People will answer everything from, “I just need to pay the bills,” or, “I’m saving up so my kids can go to college,” to, “My work is my creative outlet.” These answers might sound surface level, but through them, people often reveal their values: Financial Security, Family, Creativity, and more.

“Why would you give away half of your lottery winnings?”

This seems like a fun question, but people’s answers tend to touch on important subjects, such as, “I want to make a difference in the world,” or, “I want to help people in need.” In asking these questions, you’re listening for patterns that can clue you in on an individual’s values.

“If you could write a letter today to yourself from ten years in the past, what would you say and why?”

People will give you answers like, “I’d tell myself about the stock market.” Your follow-up question should be, “Why?”

“So I could have a bunch of money,” they’ll answer.

“Why is that important?”

Eventually, if you ask “why” enough times, you’ll reach the level of values and get to know what matters most to your target audience.

Train as many people in your organization as possible to adopt these questions into their conversations with guests.
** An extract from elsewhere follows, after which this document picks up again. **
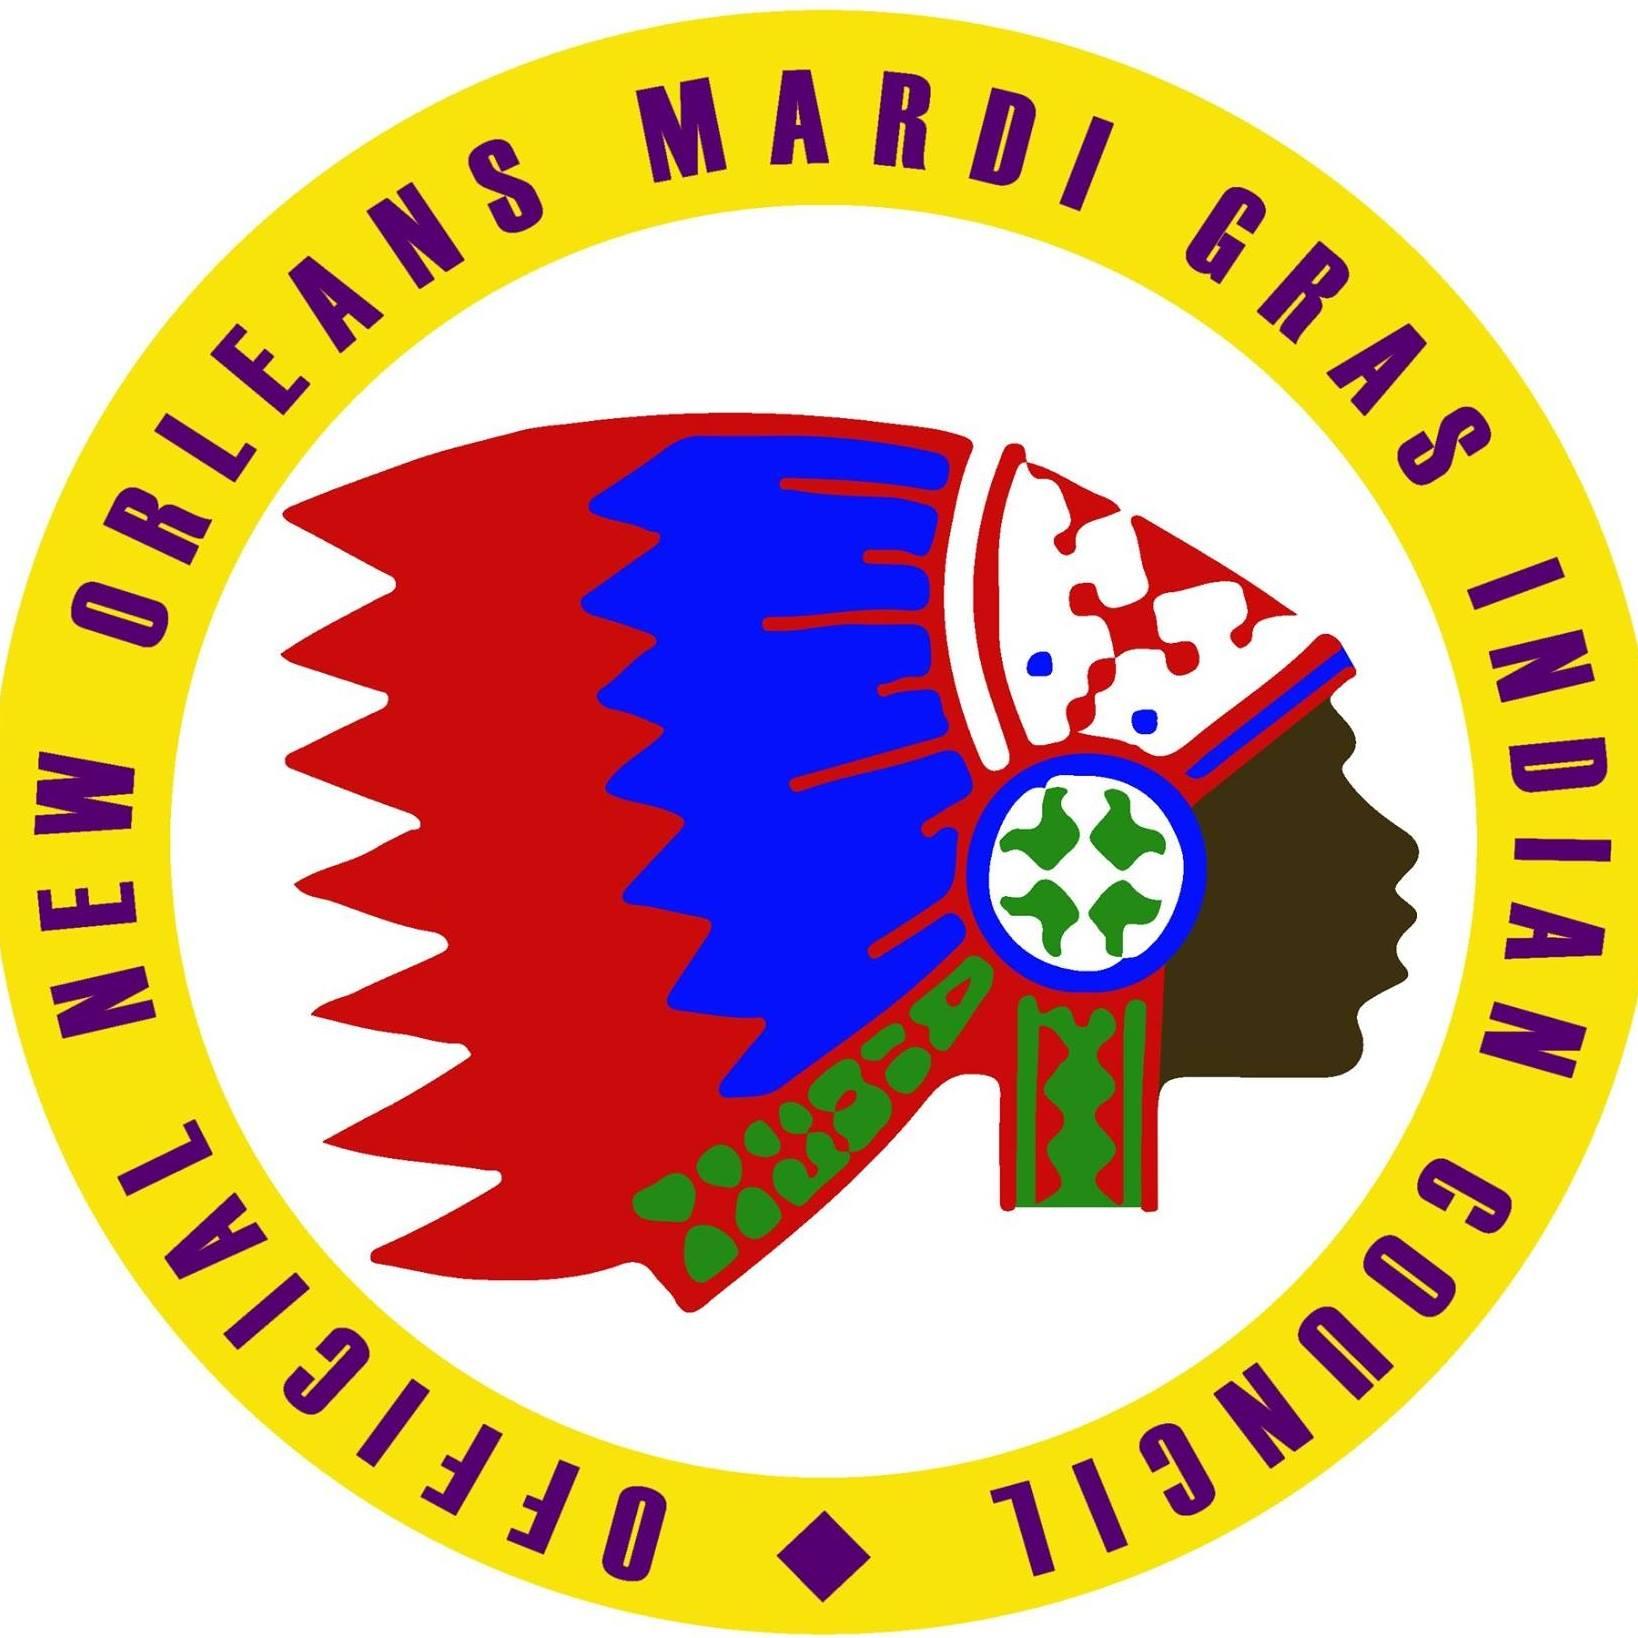 Mardi Gras Indian Council logo

It’s fine to put the questions into their own words or ask them exactly as they’re written, whichever feels more comfortable. Encourage your team to have these conversations at check-in, in your restaurants, or waiting at the valet-anywhere a discussion with guests fits naturally-and collect the data.

As I mentioned, there are more in-depth methods to explore your audience’s values, but even these simple questions will give you more insight into who your audience is and what they want from the guest experience than relying on demographics alone.

Values Can Improve Your Business and the World

Somebody once told me that people aren’t interested in what you’re interested in-they’re interested in what you can tell them about what they’re already interested in. I like to summarize the concept as “bring a log for their fire.”

When you speak to your customers’ values through your marketing and guest experiences, you’re stoking their fire. You’re giving them an experience they’ll remember because it connects to the values driving them in everything they do.

Not only can shifting from demographics to values solve problems and materially improve your business, but it can change the way you impact and connect with people for the better too. Making judgments based on how a person looks on the outside doesn’t amount to understanding. On the contrary, the longer we use demographic stereotypes to define each other, the longer we perpetuate myths that lead to prejudice and discrimination.

There’s a better way to understand people, whether in marketing or any other interaction, and it’s through values. Change the way you look at people, and we can change the world.